Work item |
Could you set down the lines below, from the one containing "Puntas de las" through the final line, exactly as written?

Stored records
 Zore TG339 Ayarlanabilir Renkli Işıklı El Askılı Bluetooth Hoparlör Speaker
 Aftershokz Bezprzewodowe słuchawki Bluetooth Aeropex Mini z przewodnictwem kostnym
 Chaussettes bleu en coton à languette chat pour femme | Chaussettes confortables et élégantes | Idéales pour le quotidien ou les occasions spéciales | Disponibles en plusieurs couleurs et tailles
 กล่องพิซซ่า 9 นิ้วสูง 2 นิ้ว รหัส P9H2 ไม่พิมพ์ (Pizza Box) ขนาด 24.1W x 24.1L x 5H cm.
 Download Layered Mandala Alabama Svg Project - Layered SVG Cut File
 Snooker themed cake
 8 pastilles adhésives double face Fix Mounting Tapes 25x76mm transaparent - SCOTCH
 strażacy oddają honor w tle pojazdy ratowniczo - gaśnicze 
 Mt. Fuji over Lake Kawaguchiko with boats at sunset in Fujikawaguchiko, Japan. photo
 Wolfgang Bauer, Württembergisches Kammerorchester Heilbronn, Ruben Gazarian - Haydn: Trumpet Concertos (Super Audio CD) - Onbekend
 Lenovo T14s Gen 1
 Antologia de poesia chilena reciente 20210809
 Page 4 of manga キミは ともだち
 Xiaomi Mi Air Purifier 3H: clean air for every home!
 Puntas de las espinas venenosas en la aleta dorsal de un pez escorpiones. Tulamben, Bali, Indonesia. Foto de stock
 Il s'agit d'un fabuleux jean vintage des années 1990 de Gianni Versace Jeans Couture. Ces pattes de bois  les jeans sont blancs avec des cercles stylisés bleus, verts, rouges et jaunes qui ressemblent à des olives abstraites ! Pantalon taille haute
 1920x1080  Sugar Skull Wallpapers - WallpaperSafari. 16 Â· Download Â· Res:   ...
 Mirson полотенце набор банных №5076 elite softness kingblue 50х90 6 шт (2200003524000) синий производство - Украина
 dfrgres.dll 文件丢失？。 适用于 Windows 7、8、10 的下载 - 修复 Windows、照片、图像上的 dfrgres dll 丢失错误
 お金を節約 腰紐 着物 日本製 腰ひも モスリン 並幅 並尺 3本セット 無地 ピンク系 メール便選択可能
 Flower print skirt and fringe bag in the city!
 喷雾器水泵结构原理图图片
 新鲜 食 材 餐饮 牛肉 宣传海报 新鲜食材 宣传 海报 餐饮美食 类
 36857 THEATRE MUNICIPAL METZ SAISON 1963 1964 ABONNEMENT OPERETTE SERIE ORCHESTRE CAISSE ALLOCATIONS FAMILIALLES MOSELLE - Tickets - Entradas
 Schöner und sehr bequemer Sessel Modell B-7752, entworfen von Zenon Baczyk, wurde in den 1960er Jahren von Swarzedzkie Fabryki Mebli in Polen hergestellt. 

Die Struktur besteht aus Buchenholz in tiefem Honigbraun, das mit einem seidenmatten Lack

Response below |
 Puntas de las espinas venenosas en la aleta dorsal de un pez escorpiones. Tulamben, Bali, Indonesia. Foto de stock
 Il s'agit d'un fabuleux jean vintage des années 1990 de Gianni Versace Jeans Couture. Ces pattes de bois  les jeans sont blancs avec des cercles stylisés bleus, verts, rouges et jaunes qui ressemblent à des olives abstraites ! Pantalon taille haute
 1920x1080  Sugar Skull Wallpapers - WallpaperSafari. 16 Â· Download Â· Res:   ...
 Mirson полотенце набор банных №5076 elite softness kingblue 50х90 6 шт (2200003524000) синий производство - Украина
 dfrgres.dll 文件丢失？。 适用于 Windows 7、8、10 的下载 - 修复 Windows、照片、图像上的 dfrgres dll 丢失错误
 お金を節約 腰紐 着物 日本製 腰ひも モスリン 並幅 並尺 3本セット 無地 ピンク系 メール便選択可能
 Flower print skirt and fringe bag in the city!
 喷雾器水泵结构原理图图片
 新鲜 食 材 餐饮 牛肉 宣传海报 新鲜食材 宣传 海报 餐饮美食 类
 36857 THEATRE MUNICIPAL METZ SAISON 1963 1964 ABONNEMENT OPERETTE SERIE ORCHESTRE CAISSE ALLOCATIONS FAMILIALLES MOSELLE - Tickets - Entradas
 Schöner und sehr bequemer Sessel Modell B-7752, entworfen von Zenon Baczyk, wurde in den 1960er Jahren von Swarzedzkie Fabryki Mebli in Polen hergestellt. 

Die Struktur besteht aus Buchenholz in tiefem Honigbraun, das mit einem seidenmatten Lack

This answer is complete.